L'achat d'une assurance vie est une démarche très différente de la dépense engagée quand, par exemple, on demande à un notaire de rédiger un testament ou à un comptable de préparer une déclaration de revenus. Chacun à leur manière, les clients se trouvent ici à « vouloir » les produits en question; dans le cas de l'assurance vie, il faut les convaincre d'en vouloir.
Seules les commissions peuvent compenser adéquatement tout le travail de terrain que doit faire le conseiller pour amener ne serait-ce qu'une personne à vouloir son produit. La commission perçue lors d'une vente doit récompenser les efforts déployés pour aborder tous ceux qui ont précédé.
De plus, le conseiller d'aujourd'hui se trouve à vendre ses conseils - et non son temps. Votre commission couvre bien plus que les quelques heures que vous avez passées auprès de votre client ou à l'ordinateur pour régler son dossier.
Il est rare que les gens qui n'ont jamais fait de crise cardiaque ou reçu de diagnostic médical catastrophique se lèvent un beau matin en se disant : « Bon, je vais aller m'acheter une assurance vie. » En fait, l'assurance vie est un produit qui convient à certaines personnalités : ceux qui en ont... en achètent.
Il nous faut savoir où trouver tous ces gens.
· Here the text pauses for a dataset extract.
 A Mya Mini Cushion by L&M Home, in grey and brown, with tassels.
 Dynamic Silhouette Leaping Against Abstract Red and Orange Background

C'est alors qu'il faut agir comme ce que Al Rickard, un vétéran de l'industrie, appelait « des conseillers prospecteurs ». Les conseillers prospecteurs vont voir les gens et leur donnent la chance de répondre positivement à une offre d'assurance vie.
Al Granum, de l'équipe de Northwestern Mutual, disait que l'assurance vie était essentiellement « une affaire de prospection et de promotion ». Voilà pourquoi le boulot doit être payant. Sinon, personne ne le ferait. Telle est d'ailleurs la situation.
Les sociétés d'assurances ont régulièrement tenté de faire faire leur distribution par des salariés. Et elles ont régulièrement échoué dans cette entreprise. On se souviendra peut-être de la mésaventure de North American Life et de quelques autres.
La vente d'assurance vie demande tout simplement trop de travail pour qu'on se contente d'une rémunération sous forme de salaire ou d'honoraires. Or, à moins que la nature humaine change radicalement d'ici peu, ce sera toujours le cas.
Il reste cependant une question à vous poser : « Si l'on vous obligeait à divulguer la valeur de vos commissions, en feriez-vous plus ou moins compte tenu de la somme en jeu? » Laissez cette idée faire son petit bonhomme de chemin dans votre esprit et faites le nécessaire pour mériter votre commission.